◆ About this exercise
Transcribe the data as written, minus images.

◆ The data
....................

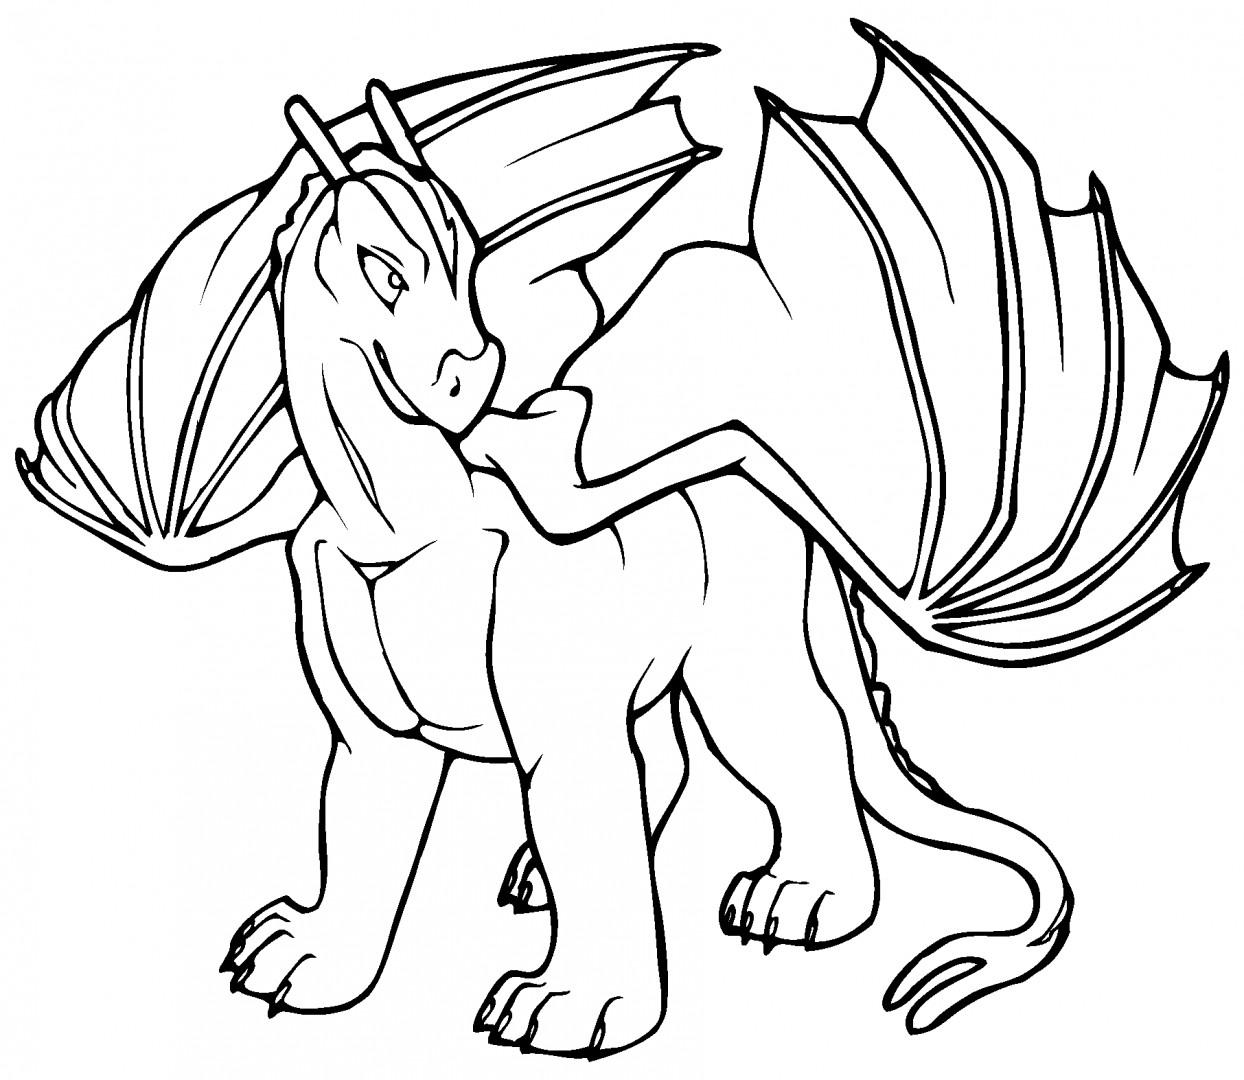 Best ideas about Boys Trace Printable Coloring Sheets . Save or Pin Desenhos para pintar de dragões Now.
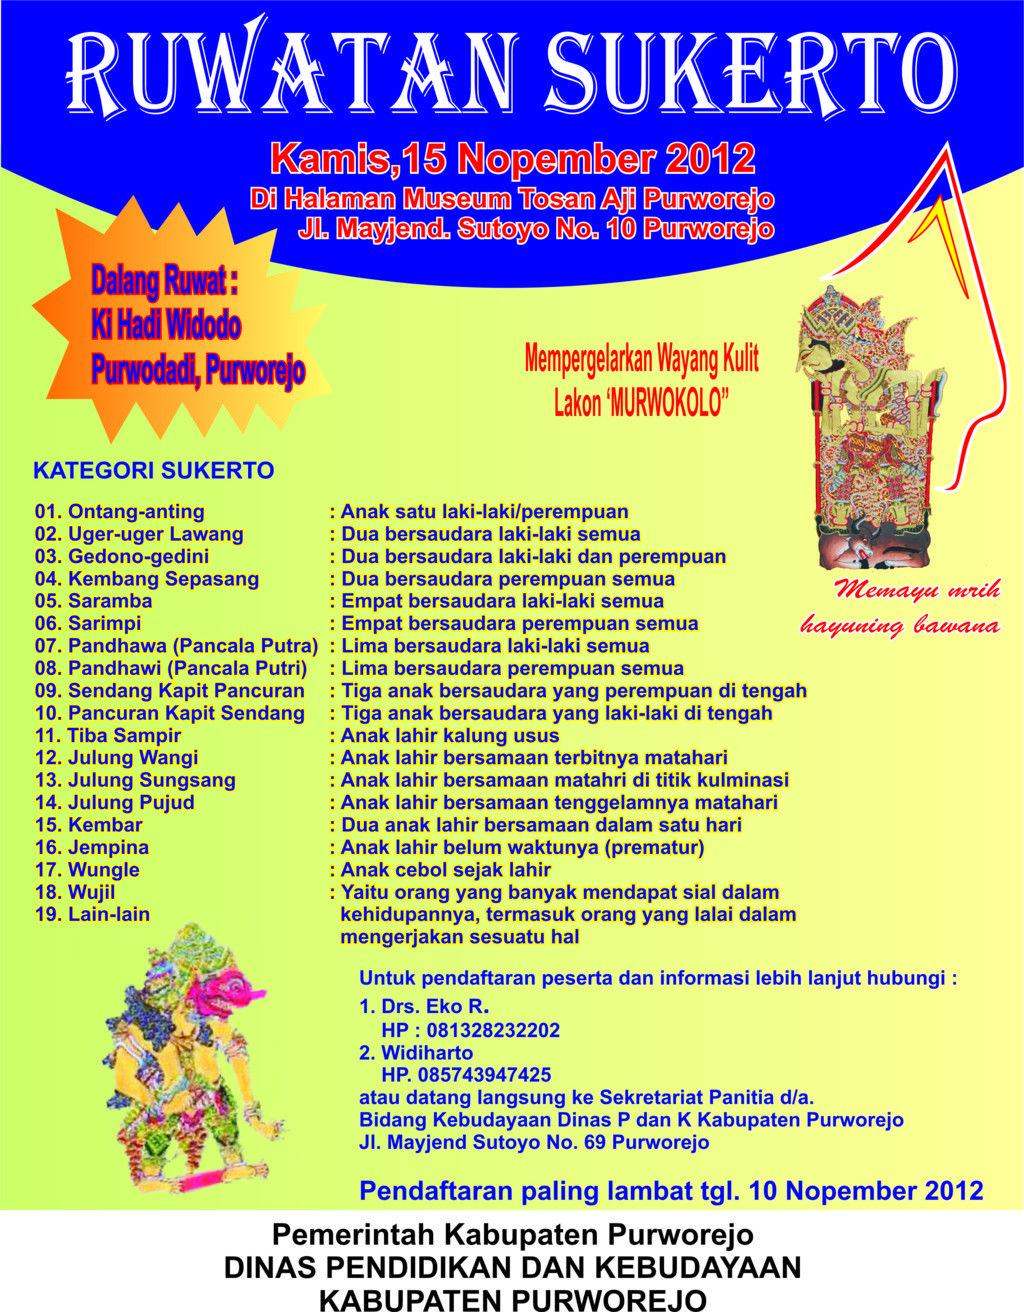 Budaya Purworejo Ruwatan Sukerto Jamasan Tosan Aji 2012 Museum Kab
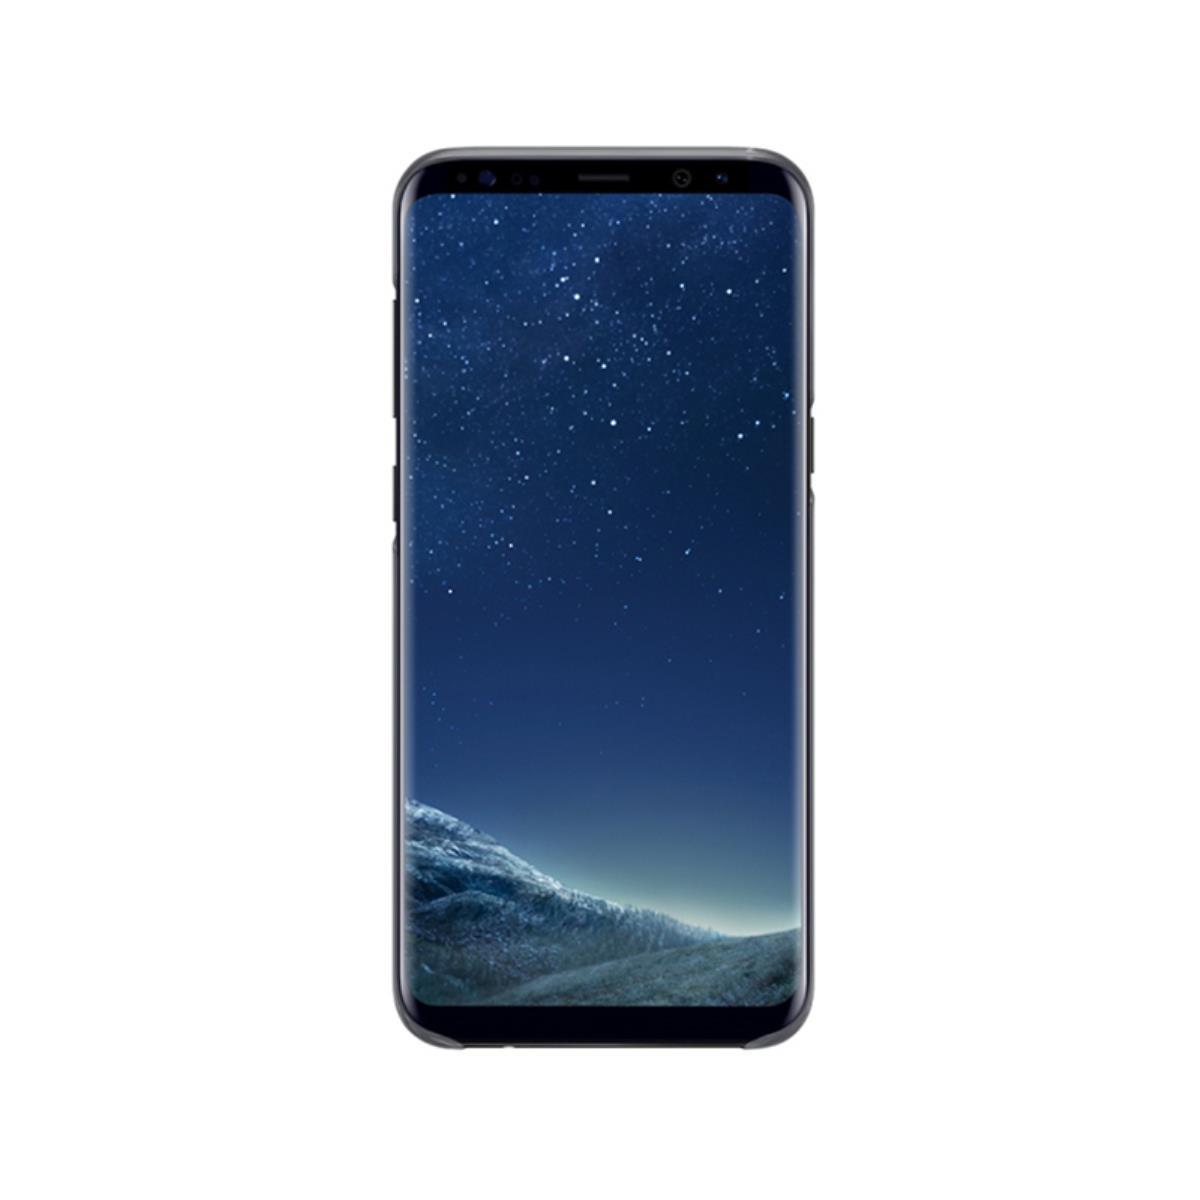 TEMPERED GLASS FILLM IPHONE 7 PLUS FULL SCREEN BLACK

....................

◆ Solved exercise
 Best ideas about Boys Trace Printable Coloring Sheets . Save or Pin Desenhos para pintar de dragões Now.
 Budaya Purworejo Ruwatan Sukerto Jamasan Tosan Aji 2012 Museum Kab
 TEMPERED GLASS FILLM IPHONE 7 PLUS FULL SCREEN BLACK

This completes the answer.